Situation: I had been feeling like crap for some days with something resembling flu but not flu. Fever (or so it felt, I do not have a thermometer to check), delirium, lethargy, dyspnoea on exertion to the point of near syncope after climbing one flight of stairs, and enough clear, fluid mucus in my respiratory system to run a mucus-powered car for a week. Parents emailed me to ask how I was getting on, and I replied with a summary of the last couple of days which included a mention of difficulty sleeping because whichever lung was on the lower side would start bubbling after a few minutes of lying that way and it was an annoying sound and sensation. That has happened on quite a few previous occasions when I've had a horrible snot disease, so I'd always thought of it as a normal symptom caused by excessive mucus and nothing more than an annoyance.

Three hours after sending that email, someone comes banging on my door. It's my dad. He has come to take me to A&E. I protest that I am not an emergency. He says that mum is freaking out thinking I might have pneumonia. I say no I don't, I always get bubbling lungs when I lie down if I've got this much mucus going on. He says mum won't be satisfied with that and she wants me to go to hospital. Eventually I agree to go purely to calm her down.

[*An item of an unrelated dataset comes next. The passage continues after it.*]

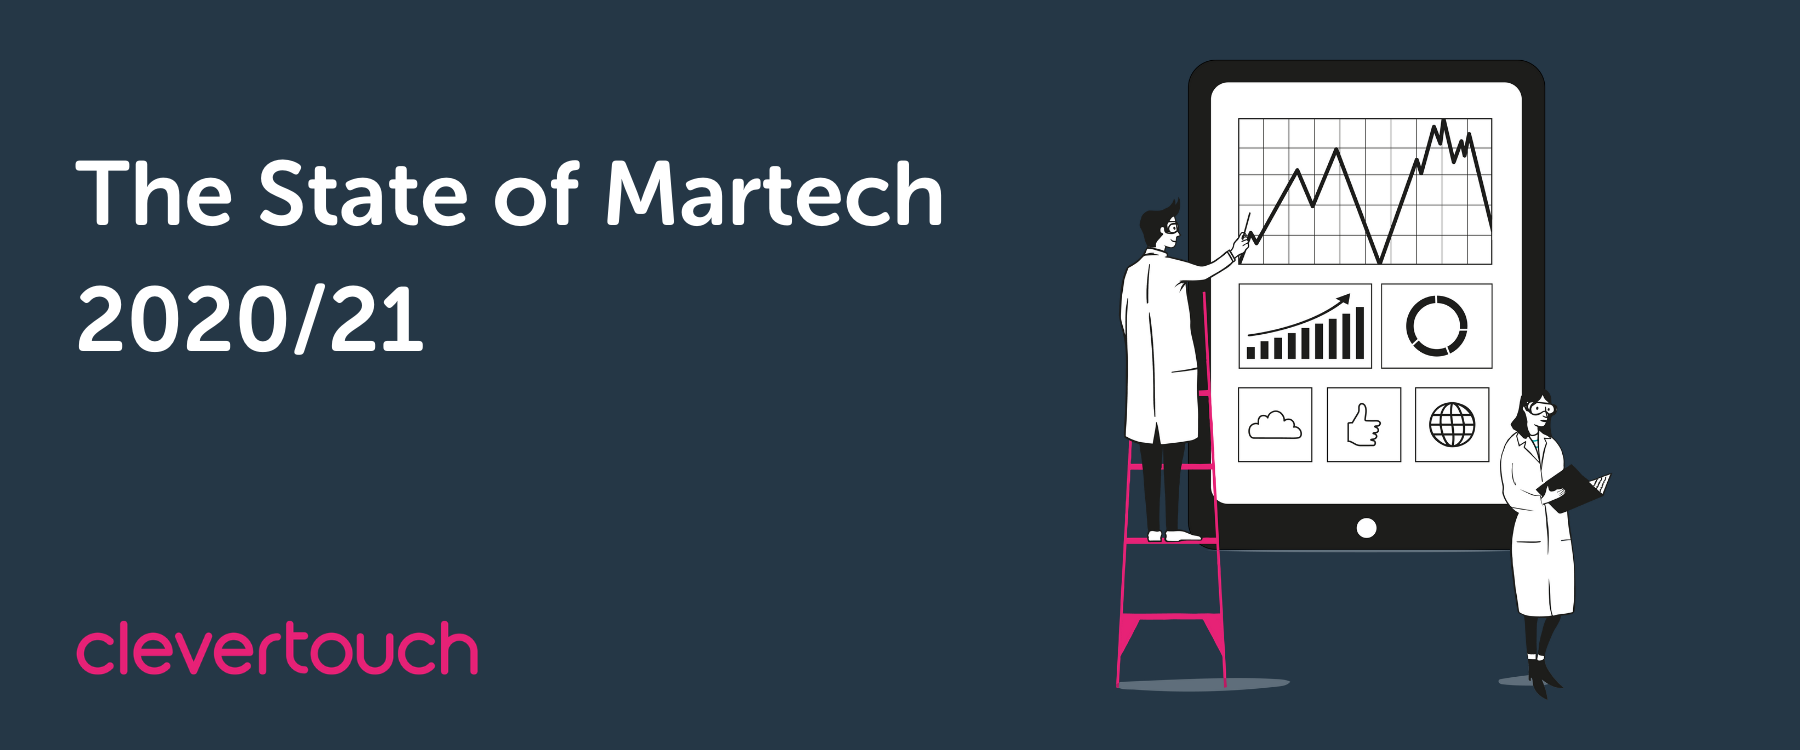 The State of Martech Report 2021 from Clevertouch

Now, the time is approaching midnight... on New Year's Eve. So it's a pretty safe bet that A&E is going to be full of people suffering what I believe is known as "trauma secondary to EtOH intoxication" who do actually need to be seen urgently. Hardly an auspicious time for this sort of caper... So I take pains to explain the circumstances of my visit, point out that I'm there for my mum's benefit rather than my own, state that I do not consider myself to be an emergency and that furthermore I feel like a knob being there at all. I repeat this explanation to everyone I get to see, from admissions through triage and having my temperature taken (normal, much to my surprise) followed by various other tests all the way up to a chest X-ray.

After the X-ray I get to sit in some room which has been temporarily repurposed as a holding area for patients who aren't actually leaking, and wait there for some time until another doctor arrives - it is the first time I have seen this particular doctor. She says that they basically don't know what's wrong with me. My white cell count is slightly elevated so there has been something, but every other test came back normal. It's not pneumonia, whatever it is. It's not flu either, but what it is, they can't say. She then says they want to keep me in overnight for observation and for them to have more time to ponder over what it might be.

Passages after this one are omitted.